Hydrogen peroxide (H2O2) is a biologically relevant, non-radical reactive oxygen species and is inevitably generated as a by-product of normal aerobic metabolism. However, when concentration increases under stress conditions, (H2O2) could be detrimental for cells. Thus, H2O2 scavenging activity becomes a crucial characteristic of total antioxidant activity.36 In this study, methanol extract was found to be efficient scavenger of hydrogen peroxide radical while ethyl acetate extract and aqueous extract were least efficient. The results strongly suggest that these extracts contain the necessary compounds for radical elimination.
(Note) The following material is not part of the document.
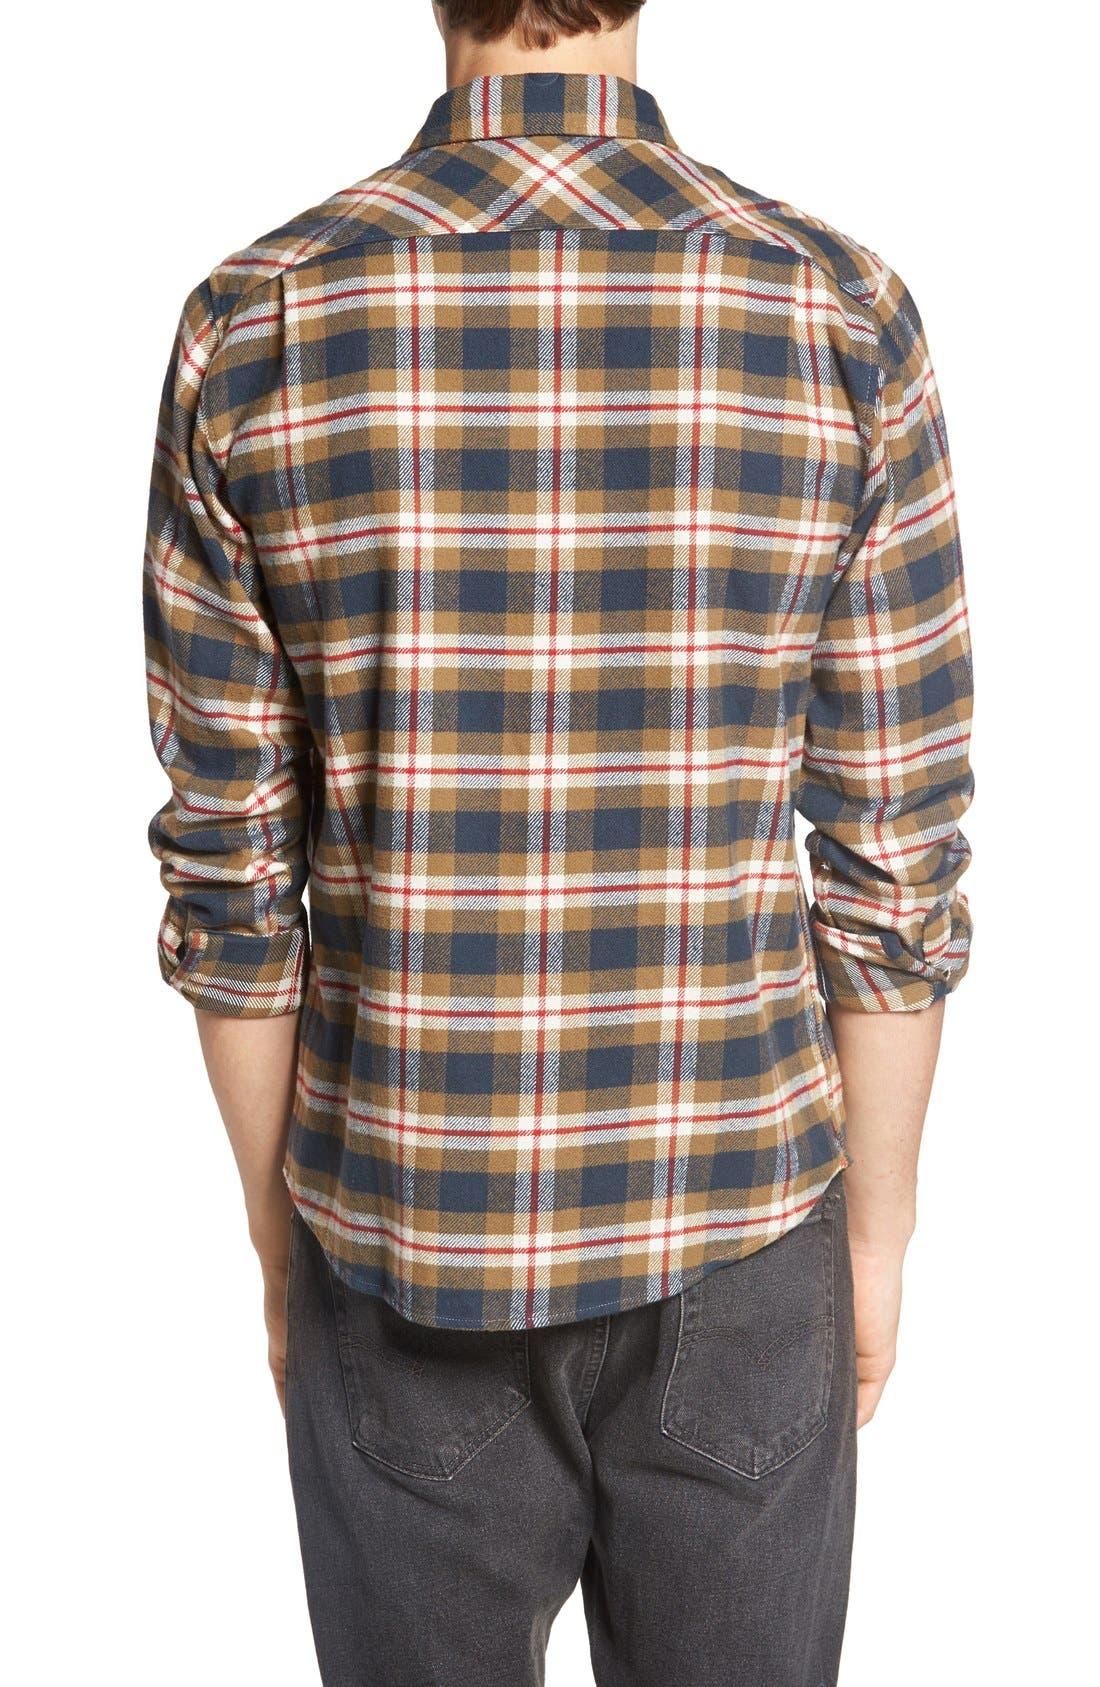 'That'll Work' Trim Fit Plaid Flannel Shirt,                             Alternate thumbnail 27, color,

In this study, we also measured the potential of J. squamata extracts to inhibit lipid peroxidation in rat liver microsomes induced by the Fe2+ /ascorbate system. Lipid peroxidation in biological systems has long been thought to be a toxicological phenomenon that can lead to various pathological consequences. Fe2+-ascorbic acid mixture is well known to stimulate lipid peroxidation in rat liver in vivo and in microsomes and mitochondria of rat liver in vitro. Since it is believed that lipid peroxidation is one of the causes of the occurrence of cardiovascular disease and cancer, its high inhibition by extracts of plants may represent an indicator of their high therapeutic potential.37 Different extracts protected against lipid peroxidation induced by Fe2+ considerably reduced MDA content in a concentration-dependent manner. Similar results were reported by Gul et al., were studying the antioxidant and antiproliferative activities of Abrus precatorius leaf extract.38
J.squamata extracts were also found to exhibit a dose dependent hydroxyl radical scavenging activity and prevent the Calf thymus DNA damage. Methanolic extract was to possess highest hydroxyl radical scavenging activity. Hydroxyl radical is generated by a mixture of Fe3+- H2O2 and ascorbic acid and is assessed by monitoring the degraded fragments of deoxyribose, through malonaldehyde (MDA) formation and DNA strand breaks in Calf thymus DNA. If any plant extract or drug scavenges the hydroxyl radical, they may either scavenge the radical or may chelate the Fe2+ ion, making it unavailable for the Fenton’s reaction.39
As it is noted from the above results that the extracts of J.squamata exhibit good antioxidant activities, the results are highly correlated with immunomodulatory properties. Administration of J.squamata methanolic extract (100 and 200 mg/kg bw) increased the clearance of carbon particles from blood in wistar rats as indicated by a significant increase in the phagocytic index when compared with the control group. Similarly, the animals treated with the J.squamata methanolic extract showed a significant change in DTH response as compared to control animals.DTH response was checked by increased footpad thickness using digital vernier caliper. Similar results were reported Patel et al, while studying immunomodulatory activity of aqueous extract of Trapa bispinosa.40
This work is an attempt to identify the biological potential of J. squamata growing in the Himalayan region for the first time. The methanolic fraction of J.squamata was observed to harbour considerable antioxidant potential and, in case of immune modulating studies, the methanolic fraction was observed to show remarkable immune suppressive as well as immune stimulating potential, which could prove to be of immense value in autoimmune diseases as well as in immune compromised patients. However, the phytoconstituents responsible for their significant activity are still unknown. The results obtained in this work provide the basis for designing future experimentation on this species for better understanding of its antioxidative and enhance the immune system and could be used as a potential immunomodulatory agent for tumor immunotherapy.